I wrote my most recent rumination on Hofstadter's essay barely four months ago, and I began the column with this paragraph:
"Part of Donald Trump's strategy for survival, as even his own strategists now admit, is to ramp up the anger among his base by trying to make them think that everyone who is against Trump is dishonest and corrupt. That strategy in turn is based in large part on portraying the non-Trump world -- not just the media and academia but anyone who disagrees with Trump -- as part of an alien force that hates Trump's supporters."I also noted that "this right-wing sense of paranoid isolation had long since become obvious even when the 'normal' Republican Party was still intact." That is, this is not a Trumpian phenomenon. It is what Republicans have been doing for years. The two examples that I noted in that column included the five Supreme Court justices' paranoid description (in the Masterpiece Cakeshop case) of completely unexceptional comments as evidence of hostility to religion, along with a popular lie on the right that Democratic staffers insisted on being vaccinated before going to a NASCAR rally. I kid you not.
Paranoia, in short, has long infused movement conservatism. But that does not mean that Trump does not provide any value-added in the production of enhanced, designer paranoia. Now, according to Trump, the entire #MeToo movement has made it a "scary time" to be a man. Now, the Democrats' efforts to provide more due process for Kavanaugh and Blasey are taken as proof that liberals wanted to railroad this poor, defenseless man.

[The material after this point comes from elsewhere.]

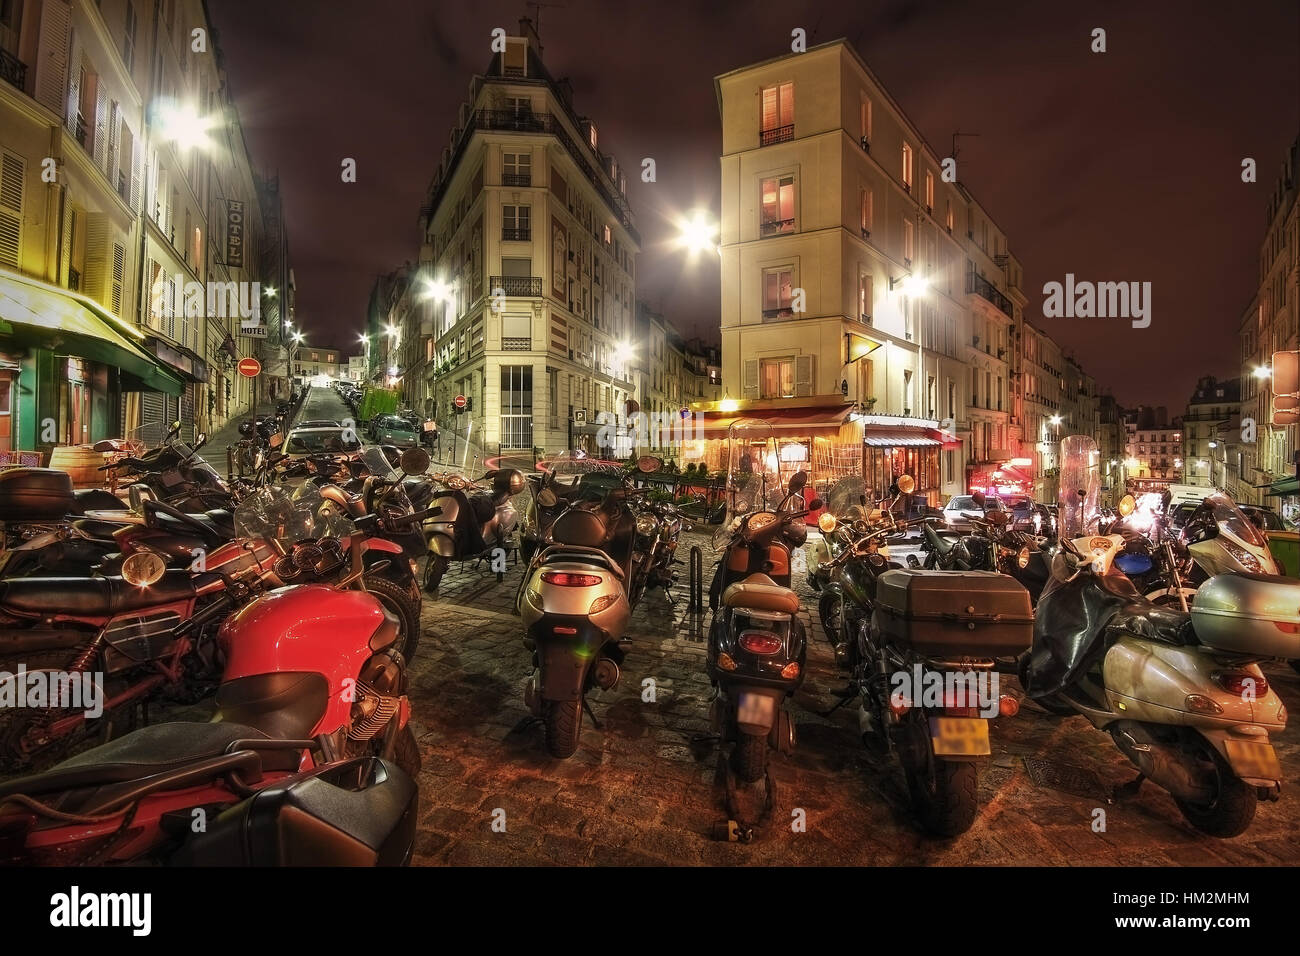 Paris. France. Motorcycles parked on the crossroads rue Maurice Utrillo, rue Paul Albert, rue Feutrier and rue Muller. Stock Photo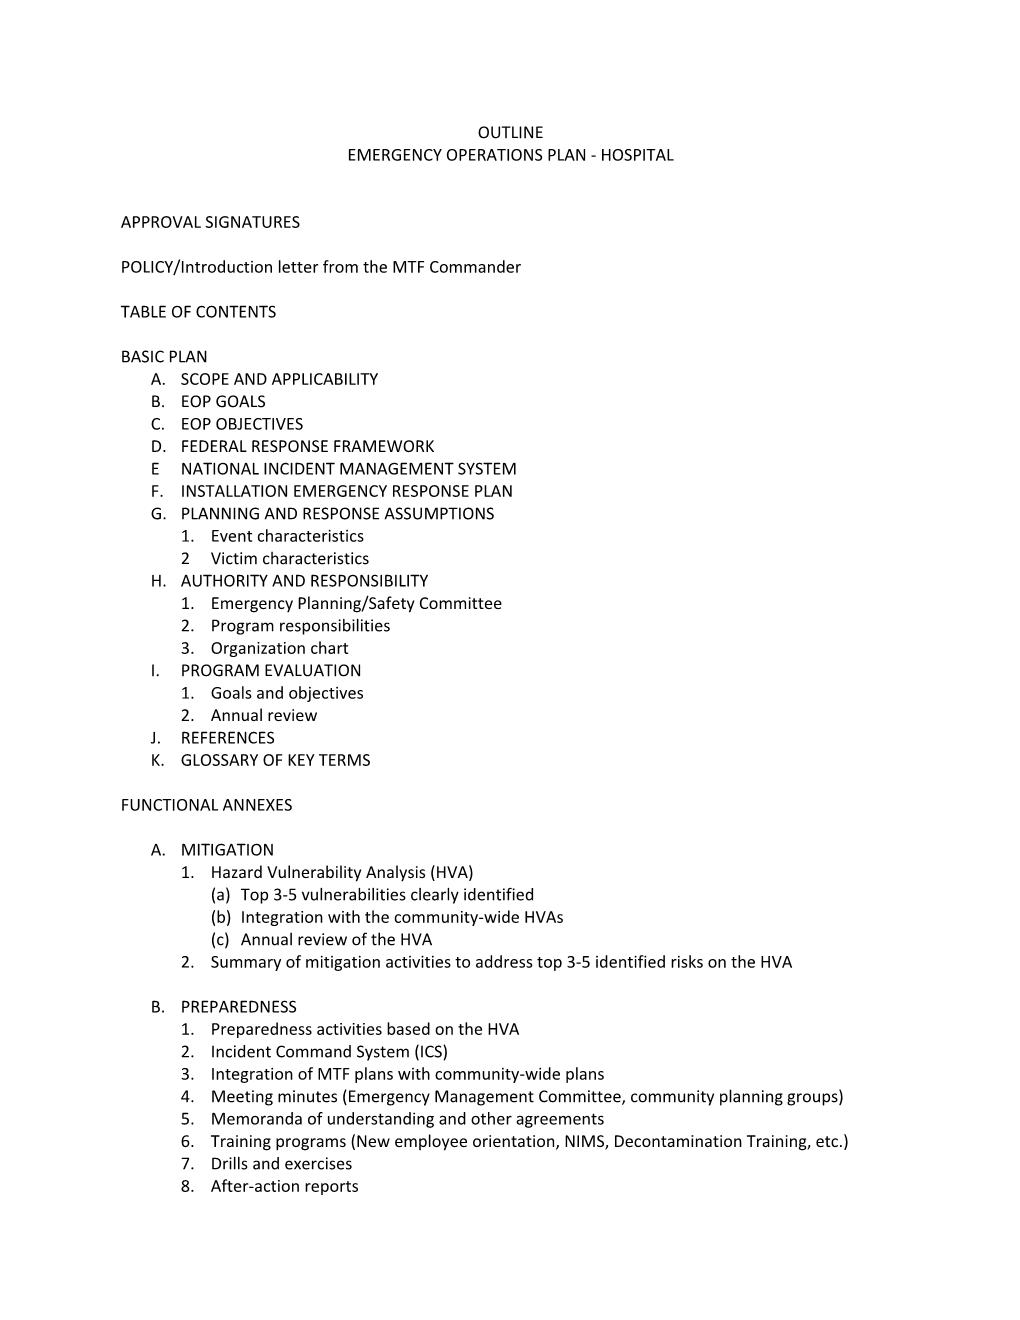 Medical Safety Template- EOP Outline 2010

The best part of paranoia, of course, is that logic does not make a dent in it. Indeed, it cannot. Democrats might not seem to have power, you see, but that is because they are sinister and cruel geniuses. They are ubiquitous, meaning that they lurk even in places where they apparently are absent. That is what an amoral superman does. Hofstadter would be saddened to be proved right.
This is why Graham's angry rant against the Democrats at the second Kavanaugh hearing was ultimately off point. He snarled that he hoped that Democrats would never achieve power, because they would abuse it if they ever had a chance. Trump knows that the better way to excite the truly paranoid is to tell them that that is already happening. Who cares if it is all a fantasy?